It is official: El Niño has arrived, and forecasters say this one could be a heavyweight. NOAA declared an El Niño Advisory on June 11, announcing that the warm phase of the El Niño-Southern Oscillation has settled into the tropical Pacific. The agency now puts the odds of a "very strong" event at 63% for the November 2026 to January 2027 window — a tier reached only three times since 1980, most recently in 2015.
For anglers, the headline is simple: the water is changing, and the fish will move with it.
"Each one is unique with its own imprint on our weather," said Ken Graham, director of NOAA's National Weather Service. No two El Niños behave the same way, but decades of records give scientists a working map of what tends to follow. During El Niño, the trade winds that normally push warm water west across the Pacific weaken, letting that warm pool spread east toward the Americas. The knock-on effects reach the seafloor.
The clearest impact for fishers is what happens to the food chain. Strong El Niños have historically thinned out plankton in the open Pacific, and that shortage ripples upward.
"It's important because that's the base of the food web," said Andrew Leising, a research oceanographer at NOAA, speaking at the Aquarium of the Pacific. "Marine mammals and other migratory species end up being closer to shore, because they're going to where their food is."
That shift cuts both ways. The same conditions that crowd whales and sharks toward the coast can also pull tuna in tight, opening up rare inshore shots at pelagic fish. But warmer water also raises the risk of harmful algal blooms, which can shutter fisheries with little warning. Leising pointed to the aftermath of the 2014 "Blob," the marine heat wave that preceded the last big El Niño: "We had several closures of crab and shellfish fisheries due to harmful algal blooms." Market squid, one of California's most valuable catches, tend to thin out and shift north in those conditions.
The damage can run deeper than the surface. Writing in The Conversation, climate scientist Dillon Amaya noted that El Niño tends to trigger marine heat waves that reorganize entire ecosystems. Pacific cod fell 70% in the Gulf of Alaska after one such event, and Bering Sea snow crab landings dropped 84% in 2018 after a heat wave reached the bottom. Some fish, he wrote, burn energy so fast in warm water that they starve.
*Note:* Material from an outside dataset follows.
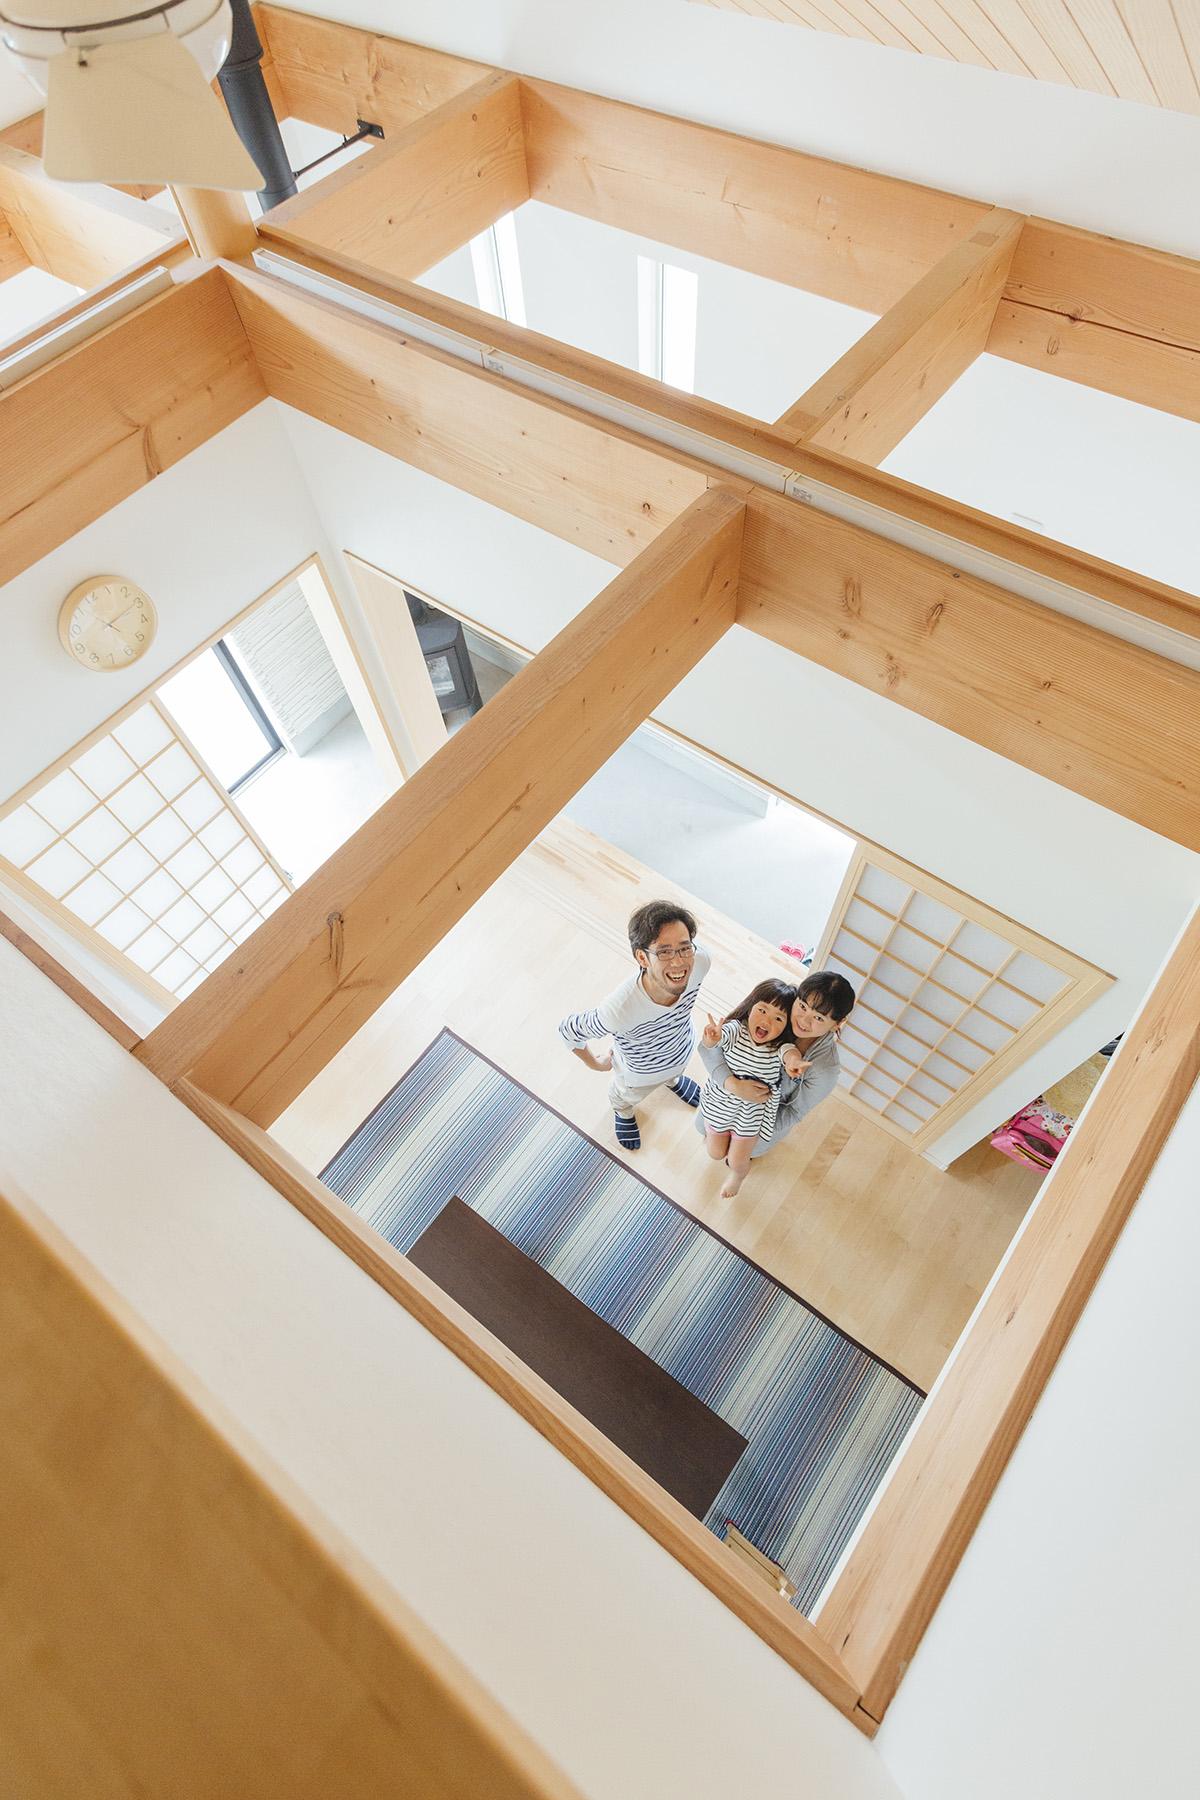 リビングの天井は吹き抜けになっており、梁の見えるモダンなデザインに仕上がっています。

It is not all bad news on the calendar. A strong El Niño usually ramps up wind shear over the Atlantic, which tears apart developing storms. "Wind shear is good for us, bad for the hurricanes," said Phil Klotzbach, the hurricane forecaster at Colorado State University. NOAA's 2026 outlook leans below normal, which can mean more fishable days on the Gulf and East Coast through the fall.
The trade-off is water. NOAA oceanographer William Sweet warned that El Niño tends to stack flooding onto already-high seas. "It usually ends up being a double whammy," he said. "The first punch is decades of sea level rise, which has waters close to the brim in many coastal communities. And now with this second punch — a strong El Niño — coastal communities face more frequent, deeper and widespread high tide flooding along both the West and East Coasts."
Wildlife will signal the strain first. "California sea lions are indicator species, meaning they will be one of the first species which may show signs of domoic acid toxicity, respond to changes in their ecosystem, and signal to the public how our oceans and ecosystem are doing," said Brett Long, vice president of animal care at the Aquarium of the Pacific.
The practical takeaway for anglers is to stay flexible. Forecast models can now predict marine heat waves three to six months out, and they tend to be most accurate during El Niño years. Watch the water temperatures, expect target species to follow the food — often closer to shore — and plan around closures before they arrive.